# IBM will Internettelefonie für 0190-Nummern fit machen



## VOIPFreak (8 April 2005)

Zwar ist die Meldung schon etwas älter, aber sicherlich von Interesse. Bisher bleib ich dank VoIP von Abzockversuchen der Wenigerwertdiensten verschont. Oder aus der Sicht der Marketingstrategen: ist die Zielgruppe der VoIP Telefonierer derzeit für die Mehrwertdiensteanbieter noch nicht erreichbar.
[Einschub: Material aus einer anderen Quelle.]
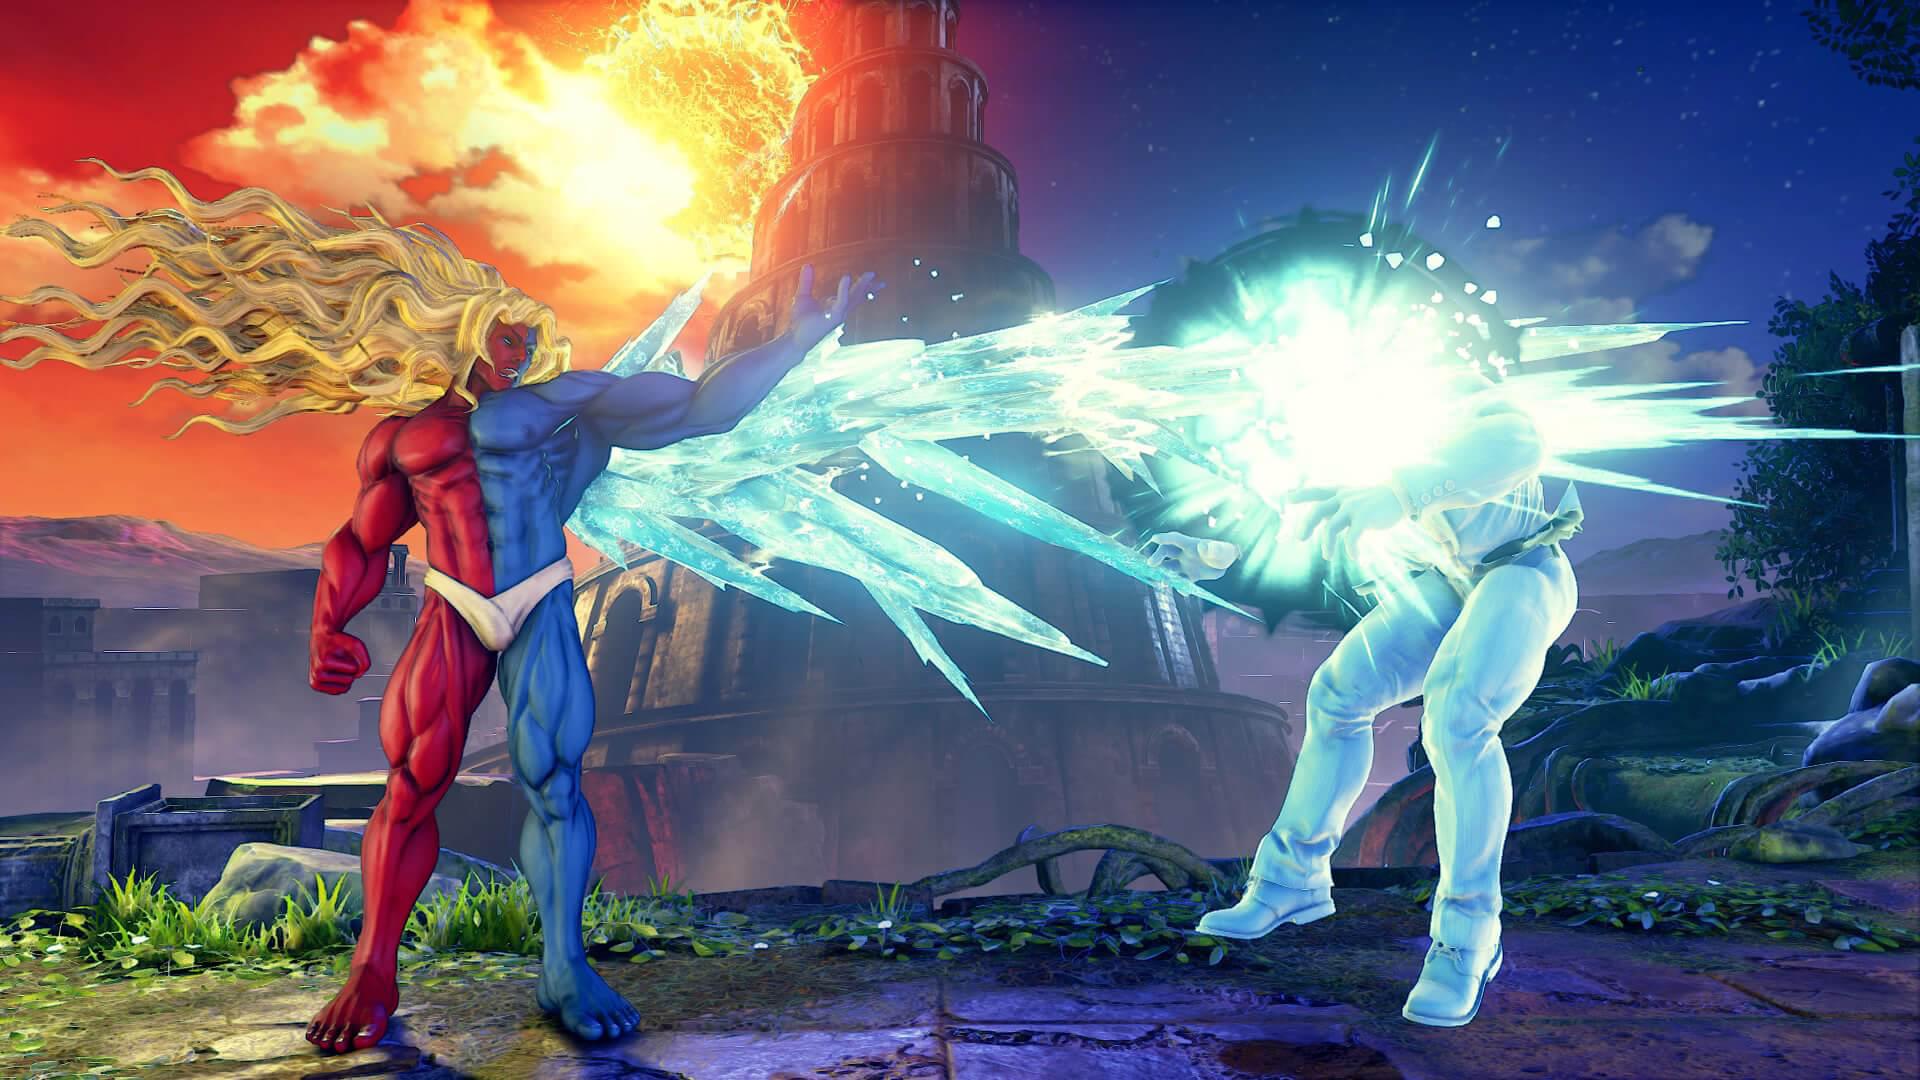 Street Fighter 5 Guide: Tips for beginners

Dank IBM und T-Com wird sich das anscheinend ändern, so dass auch diese Gruppe geneppt werden kann...  Schliesslich ist IMHO der beste Schutz vor Wenigerwertnepp die Nicht-Erreichbarkeit dieser Dienste, auch wenn IBM kategorisch den Missbrauch verhindern will. Warum riecht mir dass eigentlich so nach IP-Billing a la BillItEasy? Hoeren hier auch die anderen leise IP Dialer flüstern? Oh RegTP, sei bitte wachsam...
VoIPFreak

Siehe http://www.handelsblatt.com/pshb?fn=tt&sfn=go&id=1004451


> *IBM will Internettelefonie für 0190-Nummern fit machen*
> IBM will mit einer neuen Service-Plattform die Internettelefonie für kostenpflichtige Zusatzdienste erschließen.
> 0190-Telefonate sind über VoIP noch nicht möglich.
> HB HANNOVER. Künftig sei es möglich über die so genannte IP-Factory die verschiedensten Angebote mit allen Netzstandards wie ISDN, DSL oder W-LAN zu verbinden, sagte Andreas Werner, Telekomexperte bei IBM Business Consulting Services am Donnerstag.
> Die für die  Deutsche Telekom entwickelte Plattform soll alle Dienste ermöglichen, die Nutzer aus dem Festnetz kennen, sagte Werner. Das System verhindere Missbrauch und verbessere die Übertragungsqualität von Bild und Ton erheblich.


----------